MTHFR Mutations

MTHFR is an acronym for Methylenetetrahydrofolate reductase. It is both the name of a gene, and the name of the enzyme which that gene produces. Individuals with a mutated copy of this gene produce an enzyme that is less effective at breaking down the amino-acid homocysteine. The mutation can occur at one of two sites on the gene. Since we receive two copies of each gene, one from our father and one from our mother, there are a few different possibilities for the disorder. The C667T mutation can be heterozygous, one mutated copy, or homozygous, with both genes having the mutation. The same is true for the A1298C mutation. Compound heterozygotes have a single mutation at both the C and A locations. A person with the homozygous C mutation can only produce the defective MTHFR enzyme. These individuals are at the highest risk for developing hyperhomocysteinemia - an excess of homocysteine in the blood, especially if their dietary intake of folate is low. High levels of homocysteine damage the blood vessels, leading to an increased chance of developing blood clots, which in turn elevates the risk of deep vein thrombosis, pulmonary embolism, heart attack and stroke.

A MTHFR mutation may go undiagnosed until a woman has experienced several pregnancy losses. I was not diagnosed until after my second preterm labor and delivery. Some women with this mutation have trouble conceiving or have early miscarriages. In my case, after receiving the diagnosis I was treated by a Perinatologist who specializes in high-risk pregnancies. I was given Folgard, a Prenatal With DHA Vitamin and a low-dose aspirin regimen before trying to conceive and once my pregnancy was confirmed and my beta HCGs were rising I was switched from the aspirin to Innohep, a low molecular weight heparin daily injection. This therapy was a success, and I had my son full term and without complications on October 1 2010.

You took the vitamins and Aspirin and Heparin, and after nine months of worrying finally have your beautiful baby. But now you wonder, "Does my child have this Mutation too?" If you have a homozygous mutation, your child got one of your bad copies of this gene. For heterozygotes, you don't know which copy was passed to your baby. But you don't need to worry (but I know you will anyway) just make sure you child's pediatrician knows of the history. Make sure you give your child a children's multivitamin daily plus a DHA supplement for kids and that will be all they need. If you have a daughter, when she decides to have a child she will need to be tested for the mutation. She will have the benefit of foreknowledge and will hopefully avoid the tragedy so many of us had to endure before we received our diagnoses.

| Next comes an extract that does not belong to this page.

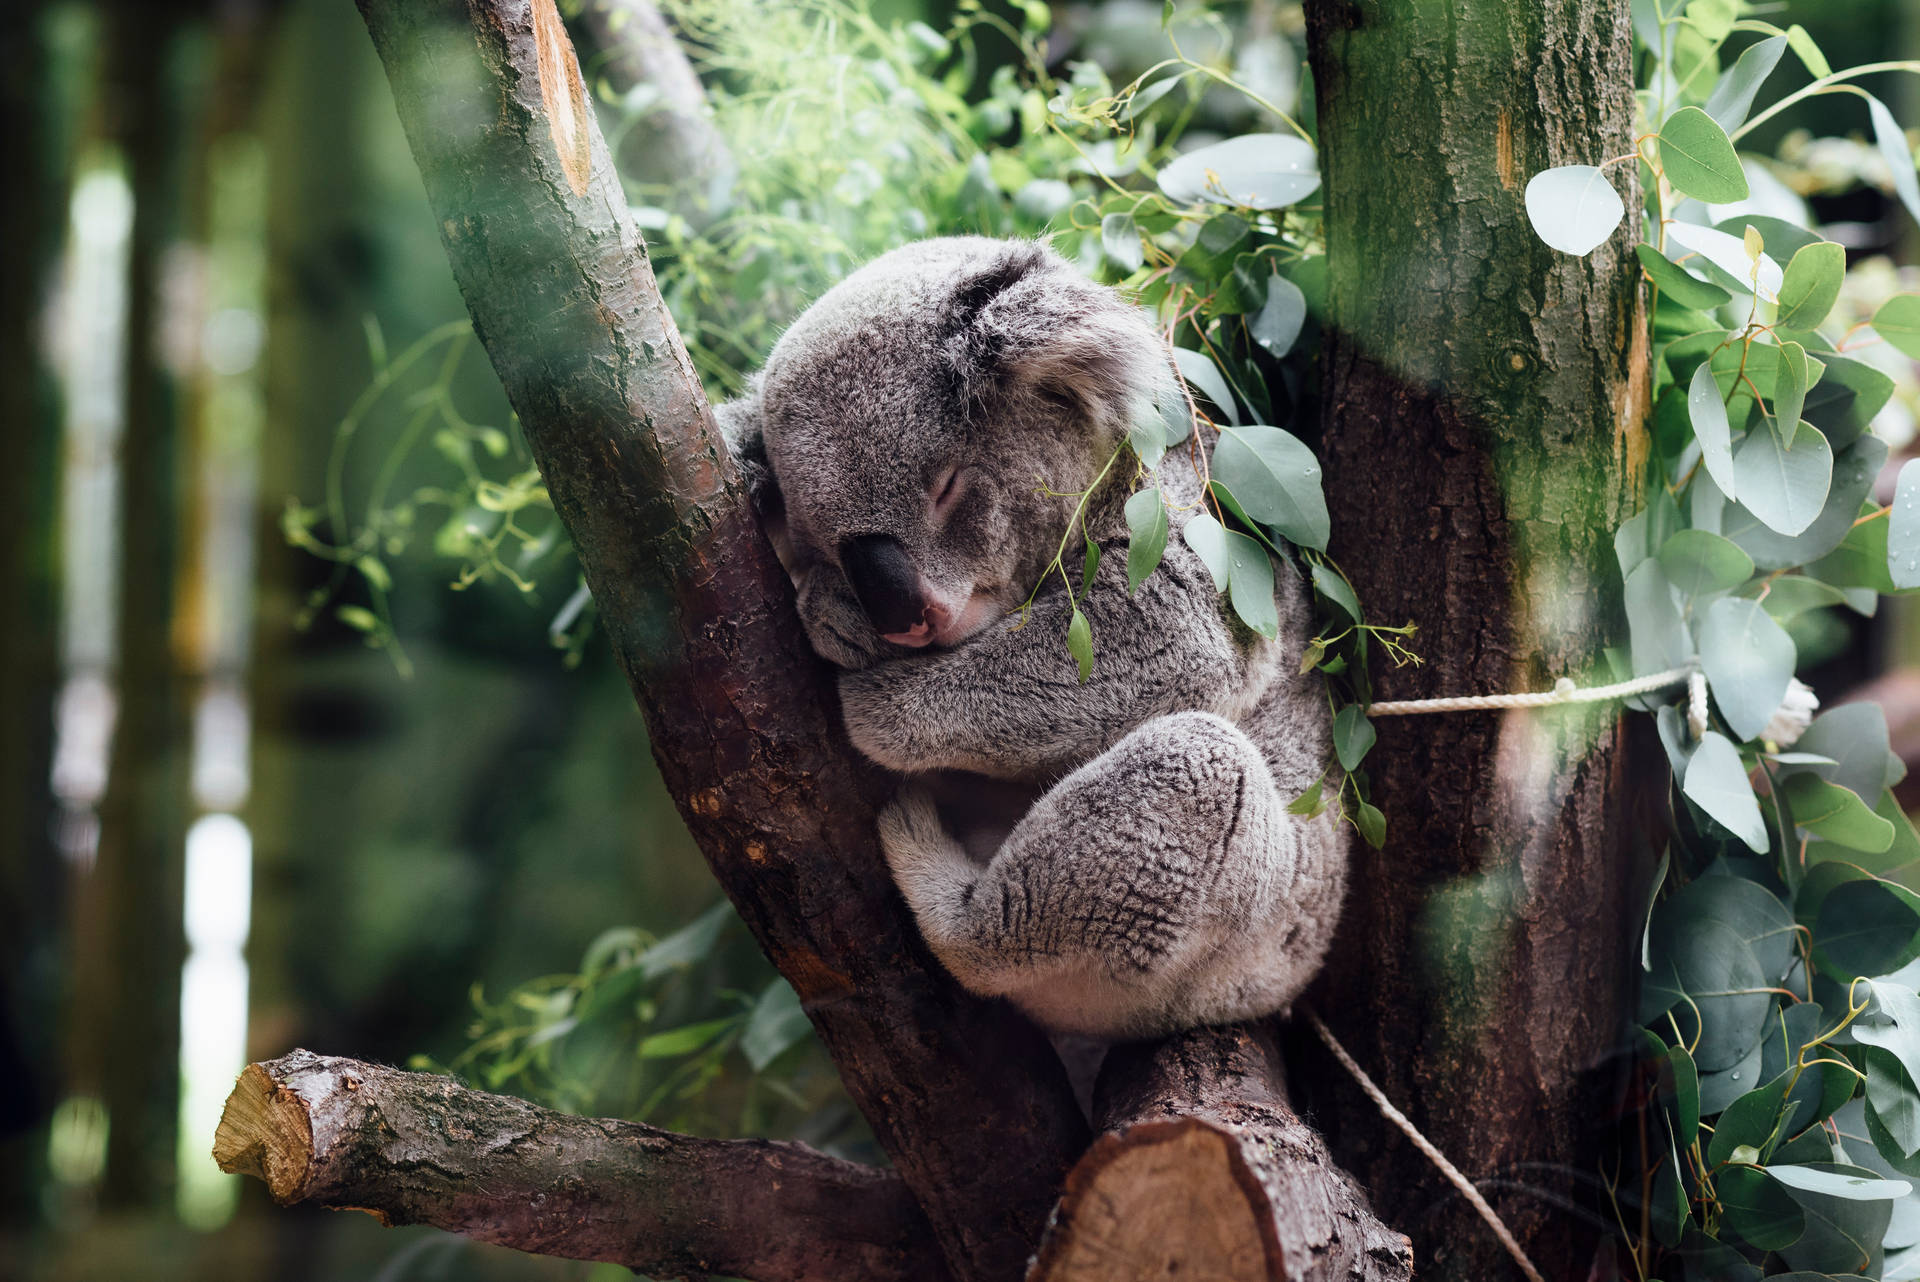 Caption: Adorable Koala Resting Comfortably On A Eucalyptus Branch Background

I have been donating blood since high school. After I found out about my MTHFR mutation I wondered if I would still be eligible to donate blood. My daughter Madelyn required multiple transfusions during her short time with us, so I really wanted to donate in her memory. After my iron levels were back up to normal I took a trip to the local Red Cross Donation Center. I spoke with the nurse there, and she told me that I could donate whole blood as long as I wasn't taking any blood thinners, eg. heparin, lovonox, innohep. The aspirin was ok to take for donating whole blood, but not if you want to donate plasma. It feels good to donate blood, even though I end up tearing up each time, thinking about my little girl.

Believe it or not there are some benefits to this mutation. There is a decreased risk of both colon cancer and leukemia. In fact, scientists are studying the relationship between MTHFR and cancer risk to one day develop a treatment for cancer therapy.